Despite the rapid development, the quality of experience (QoE) of interactive video streaming remains unsatisfactory. For example, blurry images and frequent stalling. It is because compared with VoD streaming, interactive video streaming is more vulnerable to varying network conditions for its low-latency requirement for the following reasons:

Unlike Video on Demand (VoD) streaming, where the client has a video buffer of serval seconds, the interactive video client has a limited video buffer of hundreds of milliseconds, which makes it more vulnerable to imperfect bandwidth estimations.
The limited codec buffer degrades the compression efficiency. More bits are produced to be transmitted which make it vulnerable to limited bandwidth.

In response, congestion control (CC) algorithms are developed to adapt video-sending bitrate according to the estimated network bandwidth.

3. Existing Efforts

Existing efforts can be categorized into rule-based CC and learning-based CC.

3.1 Rule Based Solutions

Rule-based CC algorithms such as GCC¹ and BBR². They typically follow AIMD (additive-increase/multiplicative-decrease) / MIMD (multiplicative-increase/multiplicative-decrease)-like approaches that require a probing phase to converge sending bitrate to bandwidth. For instance, GCC iteratively estimates bandwidth and one-way queuing delay with a linear Kalman Filter (implemented in the "Arrival filter" in the following diagram), which assumes a static zero-mean Gaussian noise model.

Google Congestion Control (GCC)

The drawbacks of this paradigm are two-fold:

The application-layer video codec and transport-layer protocols are uncoordinated³. The bursty application-layer codec bitrate pattern (i.e., intermittent frame-by-frame delivery) often misleads the transport-layer’s network capacity estimation.
The probing phase suffers a slow convergence, leading to a low bandwidth utilization. Frequent change of the network state (handover in wireless networks, for instance) worsen the matter as the bottleneck link capacity and propagation delay change too fast for the prober to catch up.

3.2 Learning Based Solutions

To tackle problem 1, learning-based congestion control³ has been proposed. They replace the rule-based congestion control algorithms with deep reinforcement learning (DRL) models. However, they still suffer from the second problem imposed by fixed offline-learned neuron network parameters.

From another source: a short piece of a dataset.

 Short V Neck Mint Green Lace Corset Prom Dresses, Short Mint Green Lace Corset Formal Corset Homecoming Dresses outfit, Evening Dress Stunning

Recent studies⁴⁵ investigate the paradigm of online learning. Specifically, they fine-tune the offline learned model online with transfer learning to adapt to unseen network conditions. Nevertheless, they require a large amount of data/time for transfer learning, which hinders fast adaptation to new network states.

To better understand the dilemma, the following figure showcases a network trace with four network states:

The model trained offline may perform poorly in the middle two unseen states. With the aid of online learning, things are getting better, but still far from optimal due to the slow adaptation of transfer learning, For example, tens of minutes, even hours. We aim to adapt quickly to diverse and time-varying network states, pushing QoE to the limit.

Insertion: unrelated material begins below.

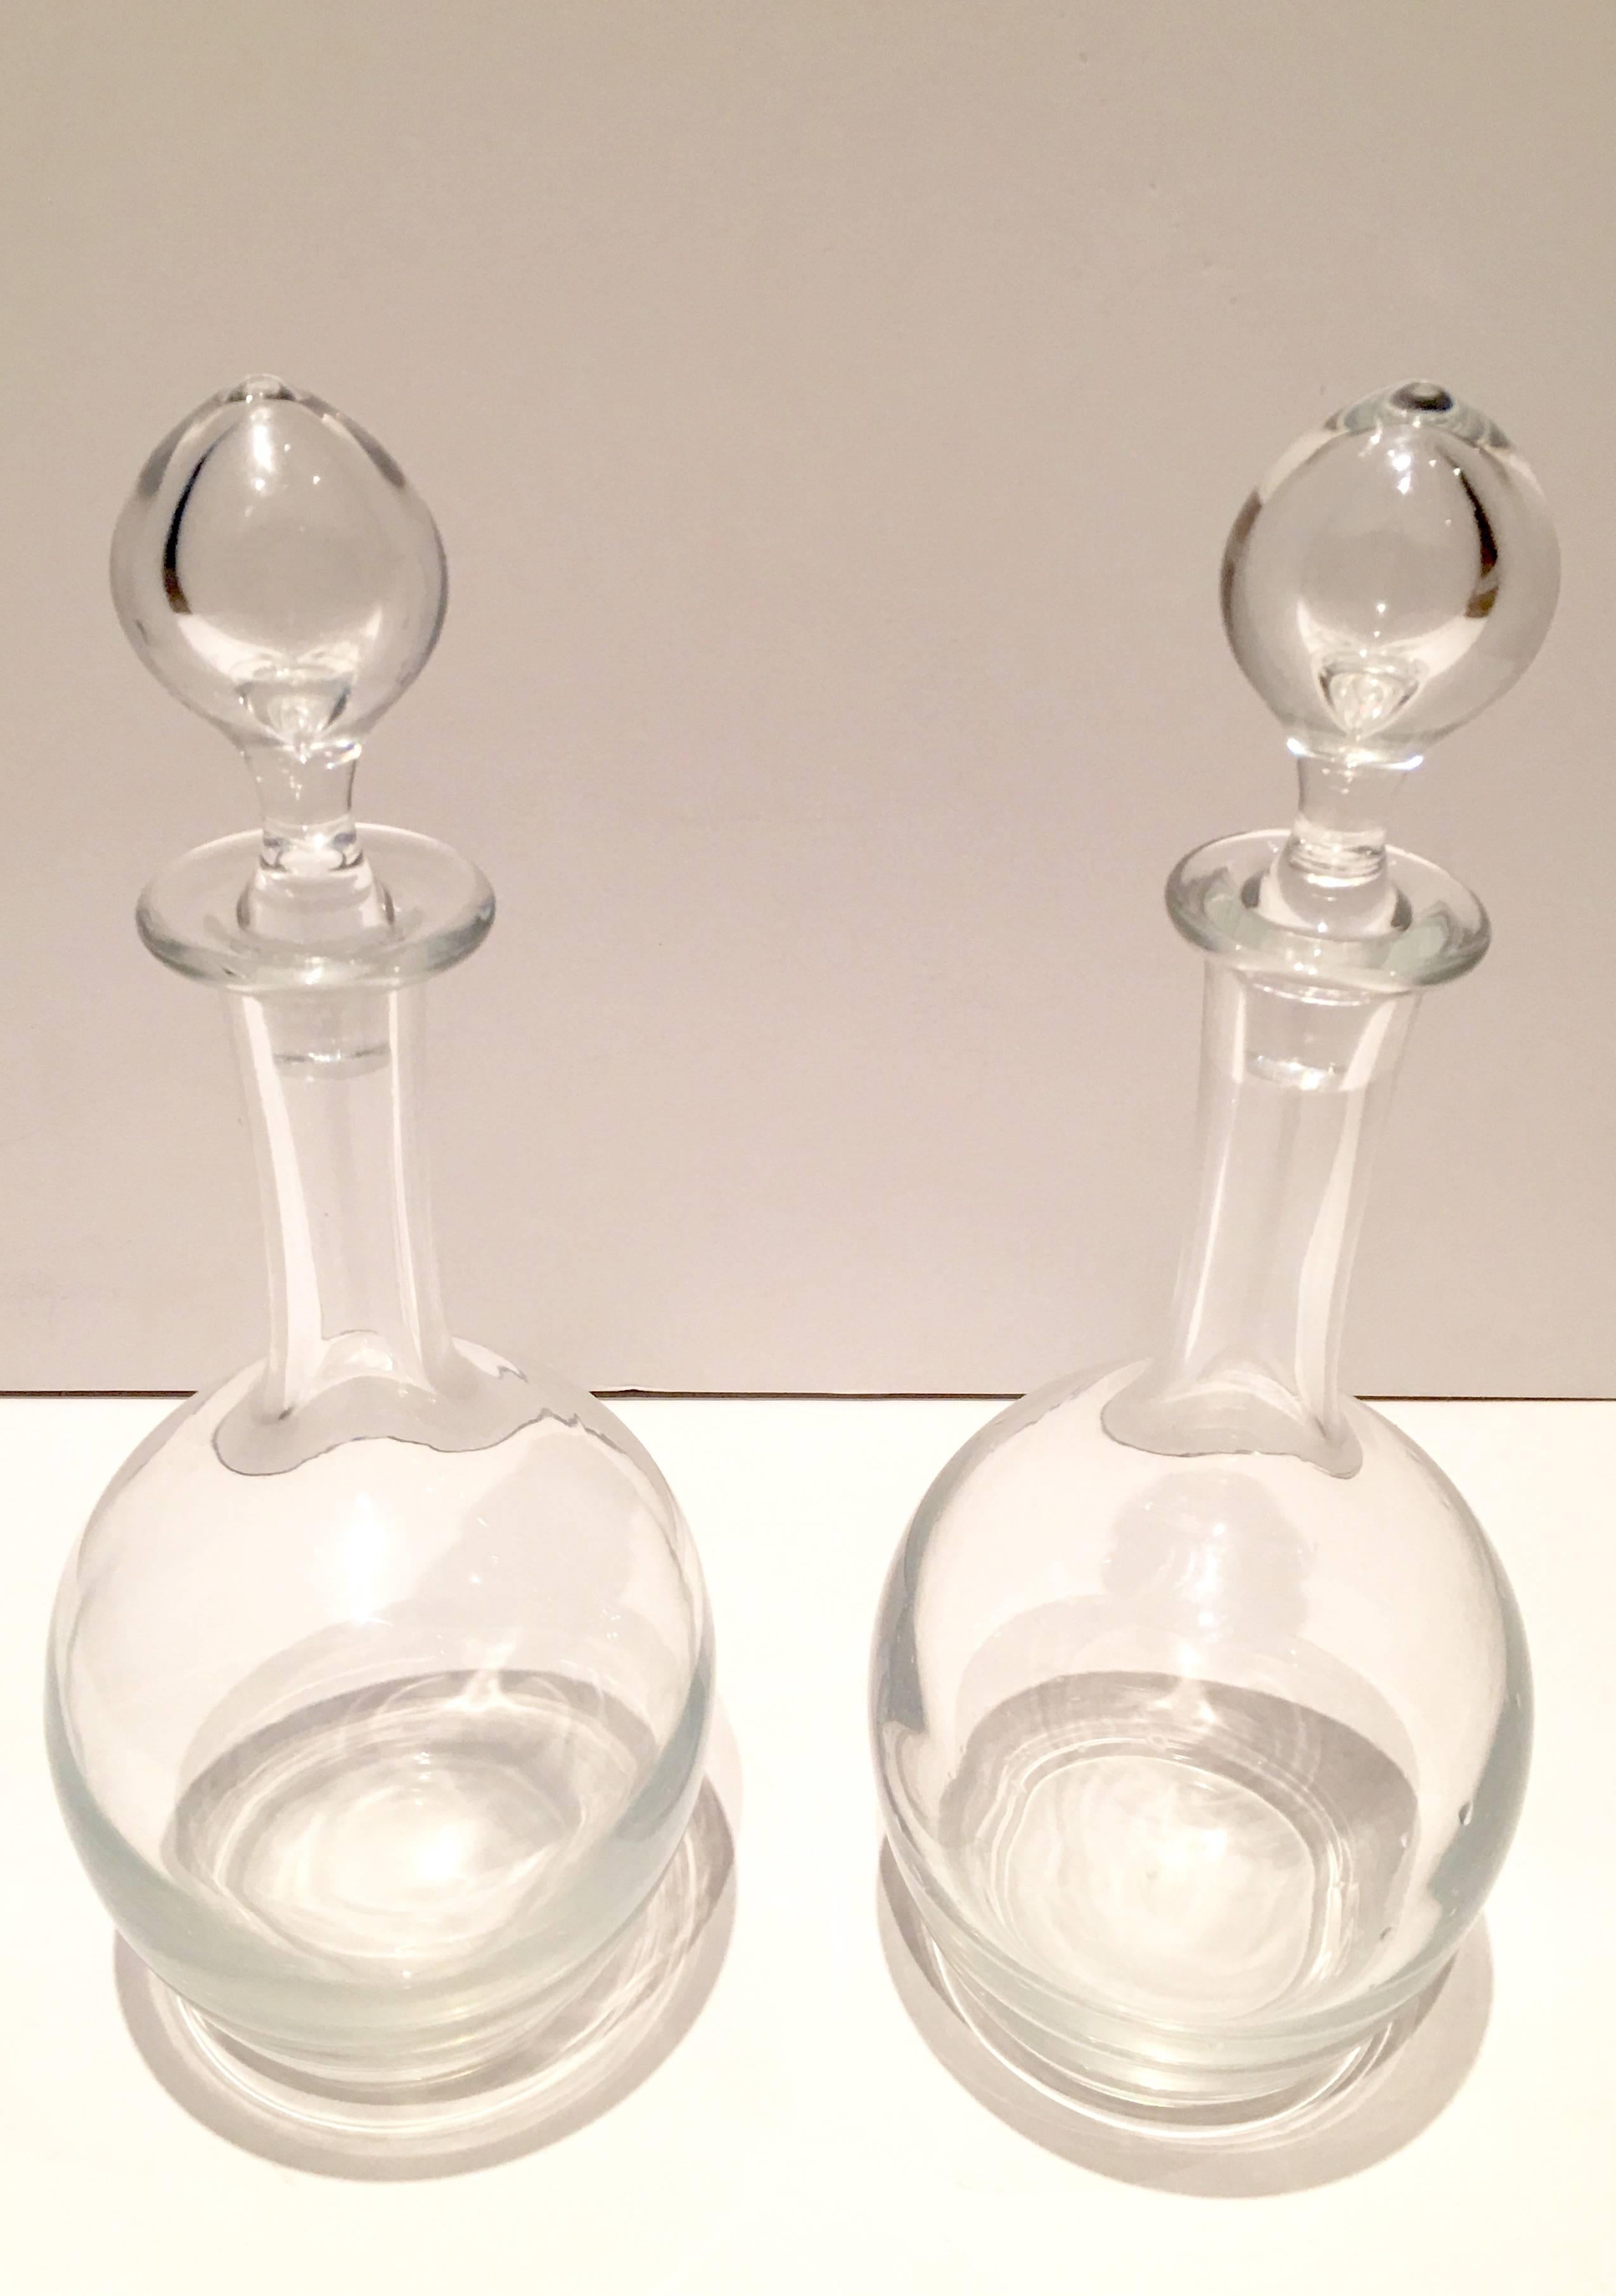 This pair of crystal clear decanters with stoppers are each marked on the underside, Baccarat, France.

4. Our Solution - Fiammetta

4.1 The Big Picture

We resort to recent advances in few-shot adaptation methods such as meta-learning, more specifically, meta reinforcement learning (Meta-RL), as no optimal bitrate is available in the training phase. This idea leads us to Fiammetta, a Meta-Reinforcement-Learning-based bitrate adaptation algorithm for interactive video systems.

Fiammetta is based on model agnostic meta learning (MAML) framework, which consists of two phases: meta-training and meta-testing.

Meta-training

The goal of the meta-training phase is to obtain an initial model as a good starting point for further model adaptation. Specifically, the training consists of an inner loop and an outer loop. For every cycle of the outer loop update, a batch of tasks will be sampled from its prior distribution. Then, in the inner loop, the initial model interacts with a simulator given the generated traces of sampled tasks and is updated to maximize the pre-defined objective function. At the end of the inner loop, the gradients from all sampled tasks will be aggregated to update the initial model. Finally, meta-training provides better weight initialization for unseen new tasks.

Meta-testing

In the meta-testing phase, the initial model adapts quickly to new tasks and generates a specialized sub-model with just a few gradient descents. It first identifies the appearance of new tasks. Once detected, it will activate meta-testing. Specifically, it generates network traces within the detected new task and updates the initial model to produce the sub-model accommodated to the new task, following the standard reinforcement learning pipeline.

4.2 Feasibility Study

Despite the potential of Meta-RL, one question remains: Is meta-learning fast enough to adapt? Typically, the adaptation process of meta-learning algorithms still requires several steps of gradient descent, which consumes 1 or 2 seconds on our server. Thus, we must first know how fast the real-world network state changes.

To investigate the characteristics of real-world network traces, we conduct a measurement study on a large-scale commercial network dataset collected by Tencent WeCom interactive video platform. The dataset consists of 14,000 real-world video sessions spanning around 390 hours.

We first demonstrate how the instant bandwidth evolves during a time period of 1s and 4s (subfigure (a)). We can see that the bandwidth fluctuates drastically and is highly unpredictable. However, if we apply a sliding window on the traces and analyze their statistics, we notice that there exists short-term continuity in the statistics (subfigure (b)-(d)). For example, during a period of 4 seconds, both the mean and standard deviation vary less than 200 kbps in 90% of the cases.

We name the continuations as network states, which is the basic unit of our adaptation algorithm. The short-term continuity provides opportunities for meta-learning, where Meta-RL has the potential to keep up with the change of network states.

4.3 Training Tricks

4.3.1 Action Space Design

In previous works⁴⁵magnification $\frac{b_t}{b_{t-1}}$ . The reasons are two-fold:

While Packet delay and delay jitter are more informative for reflecting network link congestions than absolute throughput in policy's state space, they are $b$ .
Adopting magnification enables a more flexible control while decreasing the dimension of action space.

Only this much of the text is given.